The News Herald (Willoughby, OH)
Gunman texted before killing 3
GILROY >> Before a 19-year-old gunman opened fire on a famed garlic festival in his California hometown, he urged his Instagram followers to read a 19th century book popular with white supremacists on extremist websites, but his motives for killing two children and another young man were still a mystery Monday.
Santino William Legan posted the caption about the book “Might is Right” with a photo of Smokey the Bear in front of a “fire danger” sign. He posted another photo from the Gilroy Garlic Festival minutes before he shot into the crowd Sunday with an “AK-47type” weapon, killing a 6-year-old boy, a 13-year-old girl and a recent college graduate.
Under it, he wrote: “Ayyy garlic festival time” and “Come get wasted on overpriced” items. Legan’s since-deleted Instagram account says he is Italian and Iranian.
The postings are among the first details that have emerged about Legan since the shooting injured 12 others and sent people running and diving under tables. Police patrolling the event responded within a minute and killed Legan as he turned the weapon on them.
He legally purchased the gun this month in Nevada, where his last address is listed. He would have been barred from buying it in California, which restricts firearms purchases to people over 21. In Nevada, the limit is 18.
Legan grew up less than a mile from the park where the city known as the “Garlic Capital of the World” has held its threeday festival for four decades, attracting more than 100,000 people with music, food booths and cooking classes.
Authorities were searching for clues as to what caused the son of a prominent local family to go on such a rampage. His father was a competitive runner and coach, a brother was an accomplished young boxer and his grandfather had been a supervisor in Santa Clara County.
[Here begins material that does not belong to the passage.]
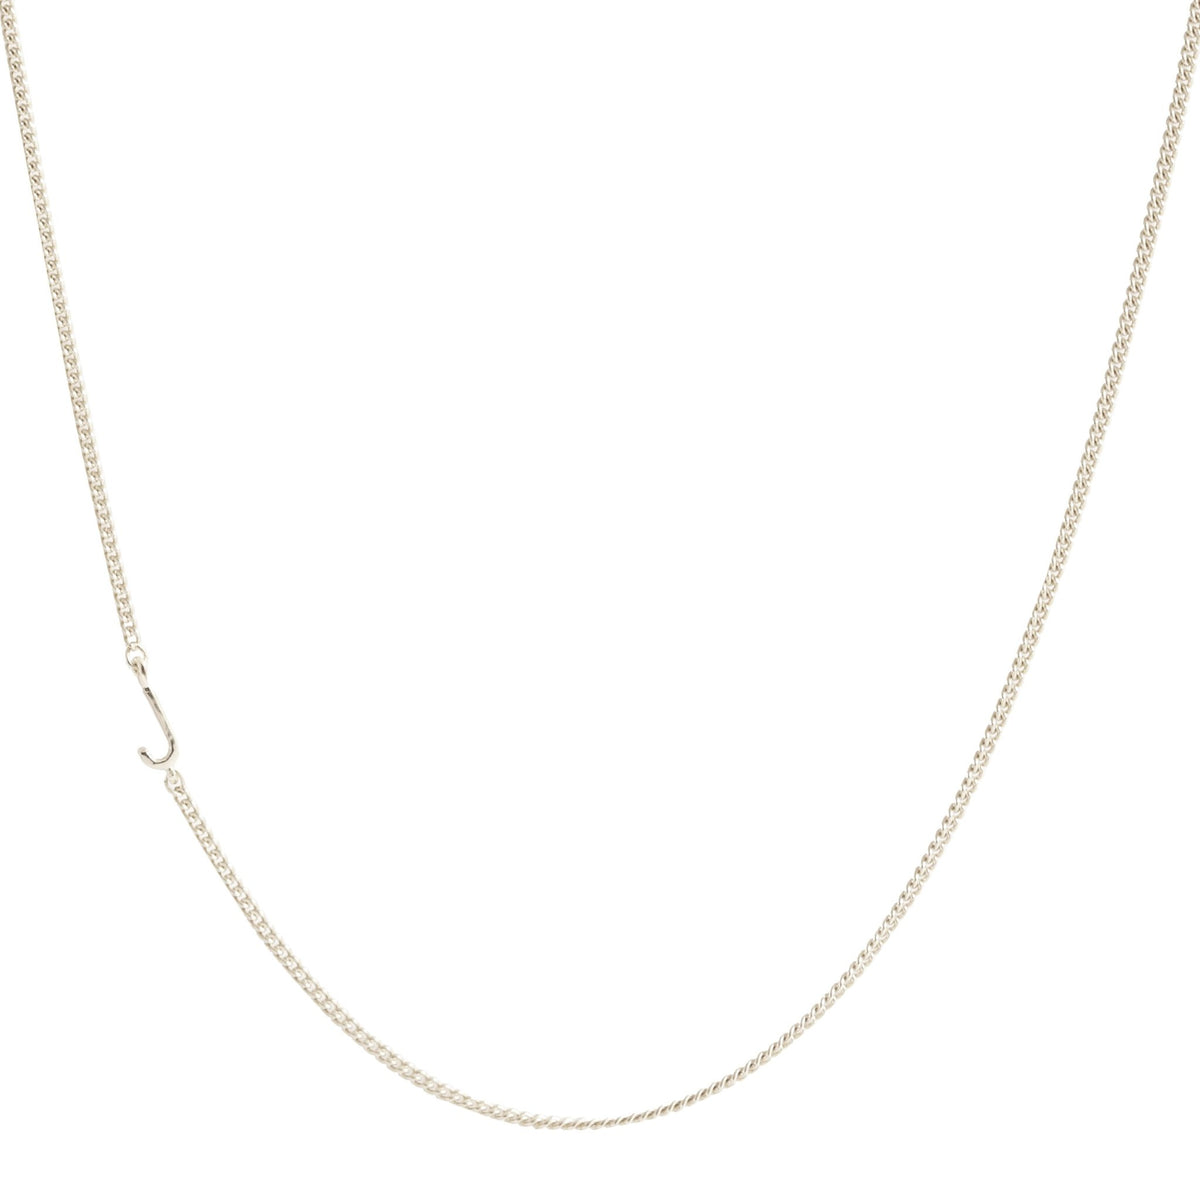 NOTABLE OFFSET INITIAL NECKLACE - J - GOLD, ROSE GOLD, OR SILVER - SO PRETTY CARA COTTER

Police searched the two-story Legan family home and a dusty car parked out front, leaving with paper bags. Authorities also searched an apartment they believed Legan used this month in remote northern Nevada. Officials didn’t say what they found or were looking for in either place. A law enforcement official said investigators believe the gunman used a WASR-10, a variant of an AK-47, that he bought from Big Mikes Gun and Ammo in Nevada earlier this month. The official was not authorized to discuss an ongoing investigation and spoke to The Associated Press on condition of anonymity. Big Mike’s Guns and Ammo, which appears to be a homebased internet gun shop in Fallon, posted on its Facebook page that “we are heartbroken this could ever happen” and that Legan “was acting happy and showed no reasons for concern” when the store owner met him.
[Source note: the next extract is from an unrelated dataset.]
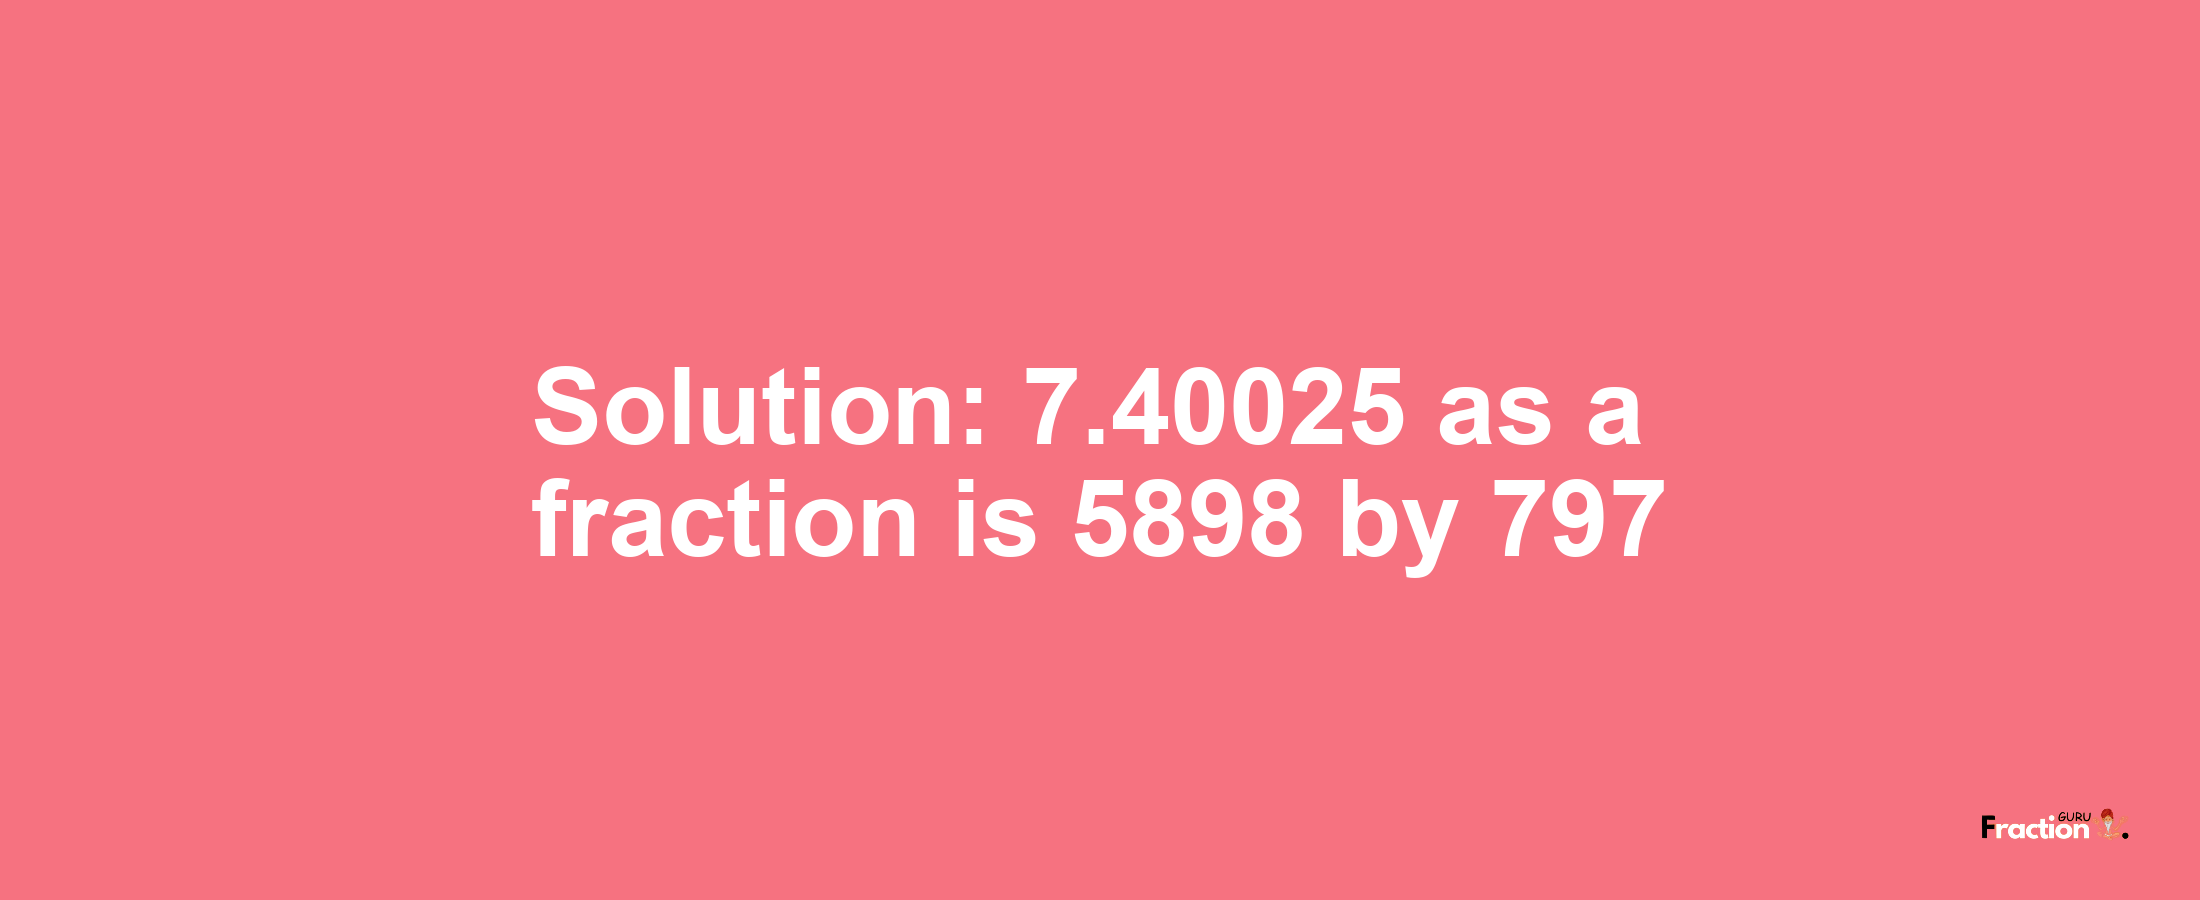 Solution:7.40025 as a fraction is 5898/797

Police had just completed training in how to respond to an active shooter. While they had prepared for the worst, they never expected to put their skills to use in Gilroy, a city of about 50,000 about 80 miles southeast of San Francisco known for the pungent smell of the prize flowering crop grown in the surrounding fields — garlic.
The city had put in place security for the festival, one of the largest food fairs in the country. It required people to pass through metal detectors and have their bags searched. Police, paramedics and firefighters were stationed throughout the event.
But Legan didn’t go through the front entrance. He cut through a fence that borders a parking lot next to a creek, Gilroy Police Chief Scot Smithee said.